$\lim_{x\to 0^+} (\sin x)^ {\tan x}$ I have stumbled on this question in one of my problem sets from Cal I and I'm not sure how to proceed after the last step.
$$\lim_{x\to 0^+} (\sin x)^ {\tan x}$$
// Applying exponential rule $$x=e^{\ln(x)}$$
$$\lim_{x\to 0^+} exp[\,\ln((\sin x)^ {\tan x})\,]$$
// Using natural logarithm property to bring the exponent to the front
$$\lim_{x\to 0^+} exp[\,(\tan x)\ln(\sin x)\,]$$
// Using an algebra trick where : $$x= \frac{1}{\frac{1}{x}}$$
$$\lim_{x\to 0^+} exp\left[\,\frac{\ln(\sin x)}{\frac{1}{\tan x}}\,\right]$$
// After this step, we were taught to check for Hospital's rule, however in this case when you plug the value $0$ in the numerator, you get $\ln(\sin 0)$ which is equal to $\ln(0)$. This is the part that is confusing me since $\ln(0)$ is undefined.

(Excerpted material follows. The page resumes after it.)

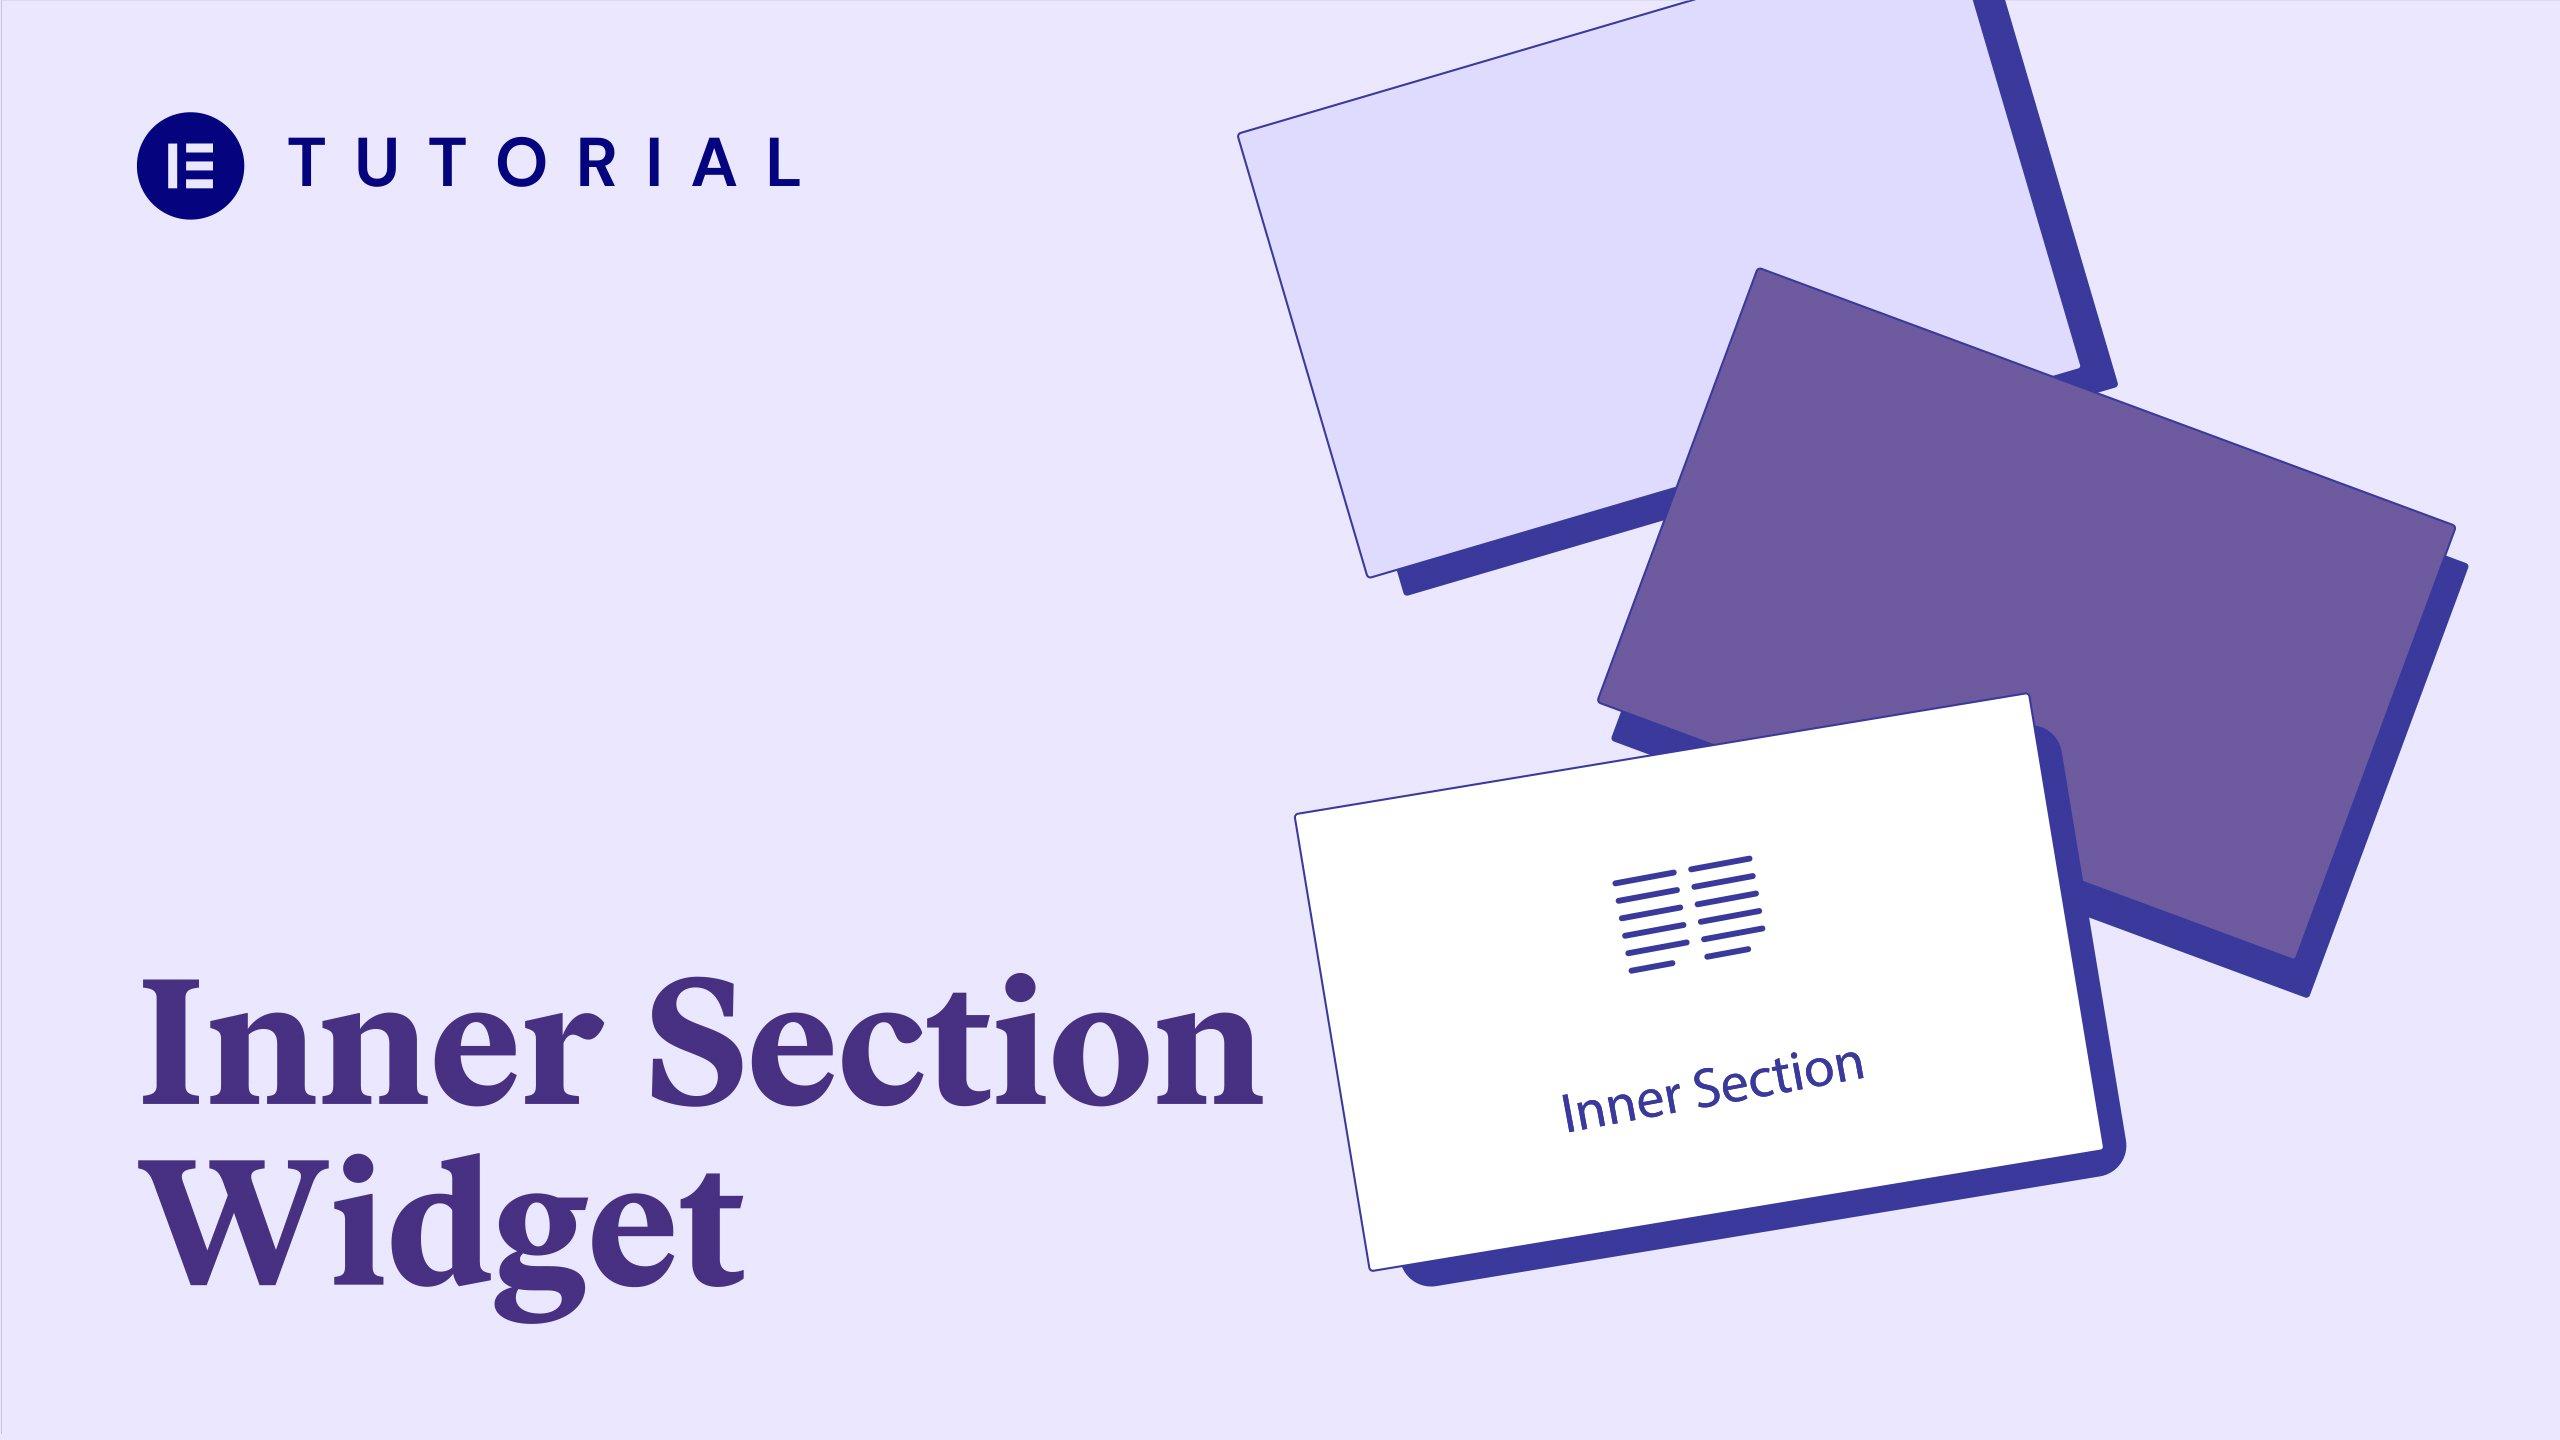 inner section widget

// Could someone please explain to me why  this whole limit is equal to $1$? Does it have to do with the fact that $x$  is approaching $0$ from the right side?
 A: Remember what L'Hospital's rule says: it's not a direct substitution of $x = 0$, it's the limit: what happens as $x$ approaches $0$, and specifically from the right (since we have $0^+$)? 
Generally, where the limits exist and all the other nuances associated with the definition, the rule states
$$\lim_{x \to c} \frac{f(x)}{g(x)} =\lim_{x \to c} \frac{f'(x)}{g'(x)}$$
if the original limit is one of the indeterminate forms $0/0$ or $\pm \infty / \pm \infty$.
Now, in your problem, since the exponential function is continuous, we can say
$$\lim_{x\to 0^+} exp\left[\,\frac{\ln(\sin x)}{\frac{1}{\tan x}}\,\right] =  exp\left[\,\lim_{x\to 0^+} \left( \frac{\ln(\sin x)}{\frac{1}{\tan x}}\,\right) \right]$$
So notice, as $x \to 0$ from the right - not simply $x=0$ - $\sin(x) \to 0$. Since $\ln(x) \to -\infty$ as $x \to 0$ from the right, and we have $\sin(x) \to 0$, it follows that $\ln(\sin(x))\to -\infty$ as $x \to 0^+$.
Further, as $x \to 0^+$, $\tan(x) \to 0$ and thus $1/\tan(x)\to+\infty$.
Thus, we can apply L'Hospital's rule since the limit as-is is an indeterminate form $\pm \infty / \pm \infty$. Differentiate the numerator and denominator (preferably after swapping $\cot(x) = 1/\tan(x)$ for clarity's sake) and try to find the limit as $x \to 0^+$ after.